### Raw data
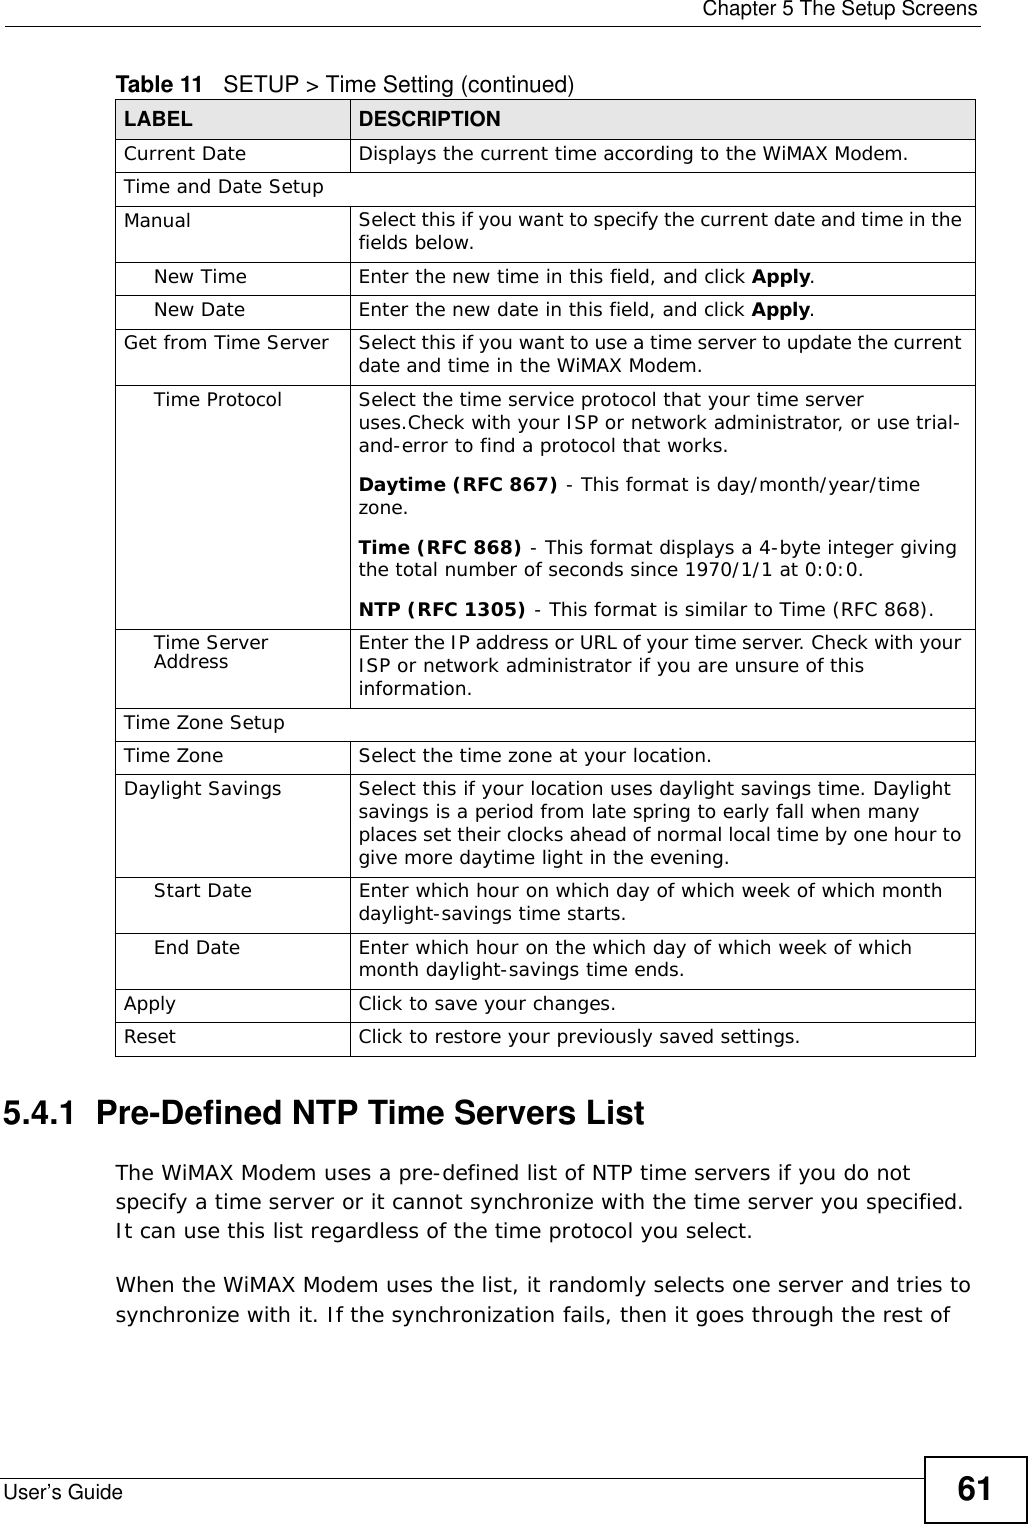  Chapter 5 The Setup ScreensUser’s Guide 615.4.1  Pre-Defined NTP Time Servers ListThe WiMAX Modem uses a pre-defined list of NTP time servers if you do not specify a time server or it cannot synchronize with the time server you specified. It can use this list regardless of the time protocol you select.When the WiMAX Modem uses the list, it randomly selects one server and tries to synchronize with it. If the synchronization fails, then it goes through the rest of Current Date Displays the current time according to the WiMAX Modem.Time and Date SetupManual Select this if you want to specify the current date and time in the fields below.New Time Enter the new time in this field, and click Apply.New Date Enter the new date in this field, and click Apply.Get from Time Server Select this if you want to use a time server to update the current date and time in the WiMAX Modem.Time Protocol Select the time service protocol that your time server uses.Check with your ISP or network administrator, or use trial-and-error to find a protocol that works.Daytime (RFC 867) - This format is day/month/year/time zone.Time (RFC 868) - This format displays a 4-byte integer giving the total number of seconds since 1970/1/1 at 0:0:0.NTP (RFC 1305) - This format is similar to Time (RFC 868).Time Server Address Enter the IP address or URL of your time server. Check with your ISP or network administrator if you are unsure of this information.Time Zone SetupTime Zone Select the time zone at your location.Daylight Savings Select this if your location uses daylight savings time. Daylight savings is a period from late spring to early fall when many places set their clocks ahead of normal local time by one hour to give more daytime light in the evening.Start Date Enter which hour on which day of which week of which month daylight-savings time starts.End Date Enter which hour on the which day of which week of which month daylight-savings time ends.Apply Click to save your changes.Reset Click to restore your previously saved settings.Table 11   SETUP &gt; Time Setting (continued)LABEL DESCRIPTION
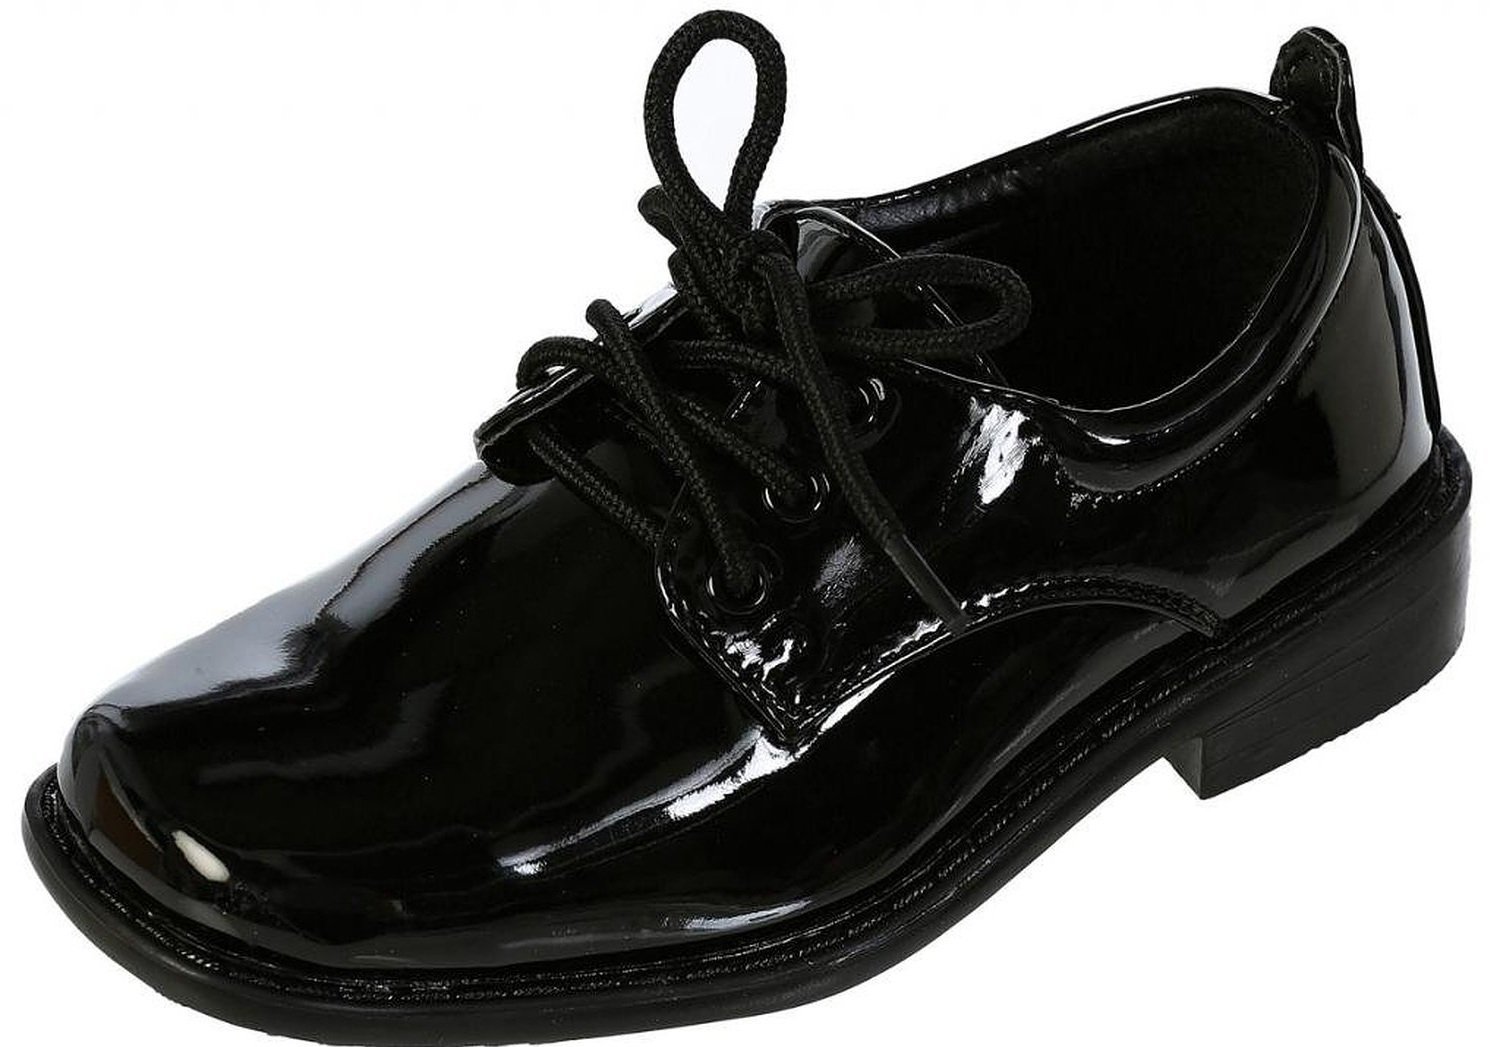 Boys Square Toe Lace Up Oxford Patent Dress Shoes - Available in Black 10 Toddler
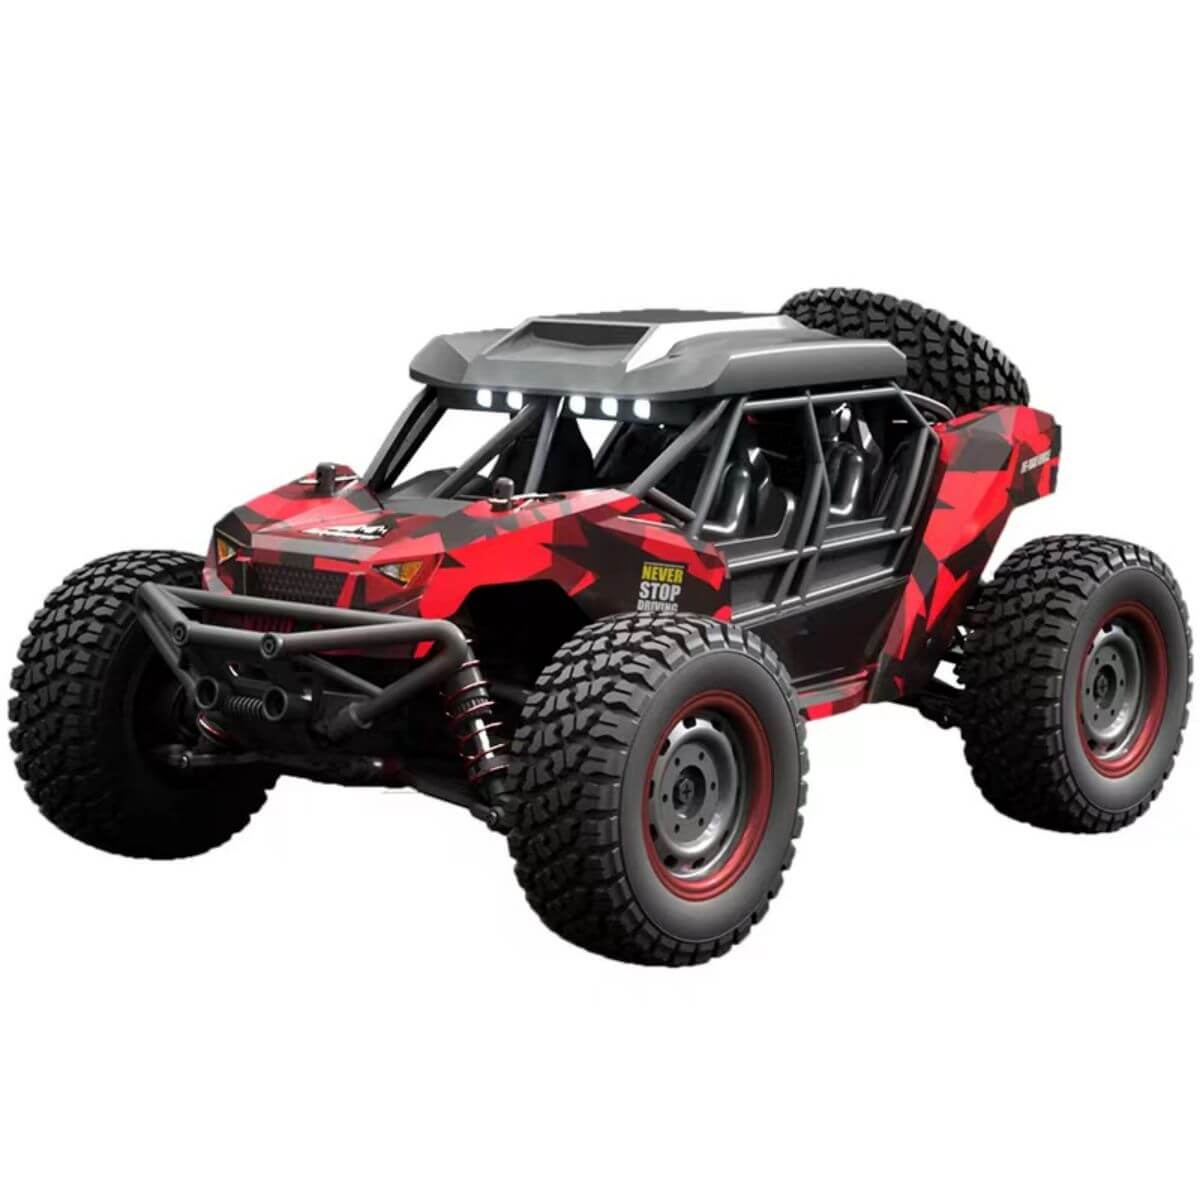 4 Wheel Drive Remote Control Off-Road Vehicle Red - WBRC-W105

### Exercise
Give the data back exactly, omitting all pictures.

### Output for this task
  Chapter 5 The Setup ScreensUser’s Guide 615.4.1  Pre-Defined NTP Time Servers ListThe WiMAX Modem uses a pre-defined list of NTP time servers if you do not specify a time server or it cannot synchronize with the time server you specified. It can use this list regardless of the time protocol you select.When the WiMAX Modem uses the list, it randomly selects one server and tries to synchronize with it. If the synchronization fails, then it goes through the rest of Current Date Displays the current time according to the WiMAX Modem.Time and Date SetupManual Select this if you want to specify the current date and time in the fields below.New Time Enter the new time in this field, and click Apply.New Date Enter the new date in this field, and click Apply.Get from Time Server Select this if you want to use a time server to update the current date and time in the WiMAX Modem.Time Protocol Select the time service protocol that your time server uses.Check with your ISP or network administrator, or use trial-and-error to find a protocol that works.Daytime (RFC 867) - This format is day/month/year/time zone.Time (RFC 868) - This format displays a 4-byte integer giving the total number of seconds since 1970/1/1 at 0:0:0.NTP (RFC 1305) - This format is similar to Time (RFC 868).Time Server Address Enter the IP address or URL of your time server. Check with your ISP or network administrator if you are unsure of this information.Time Zone SetupTime Zone Select the time zone at your location.Daylight Savings Select this if your location uses daylight savings time. Daylight savings is a period from late spring to early fall when many places set their clocks ahead of normal local time by one hour to give more daytime light in the evening.Start Date Enter which hour on which day of which week of which month daylight-savings time starts.End Date Enter which hour on the which day of which week of which month daylight-savings time ends.Apply Click to save your changes.Reset Click to restore your previously saved settings.Table 11   SETUP &gt; Time Setting (continued)LABEL DESCRIPTION
 Boys Square Toe Lace Up Oxford Patent Dress Shoes - Available in Black 10 Toddler
 4 Wheel Drive Remote Control Off-Road Vehicle Red - WBRC-W105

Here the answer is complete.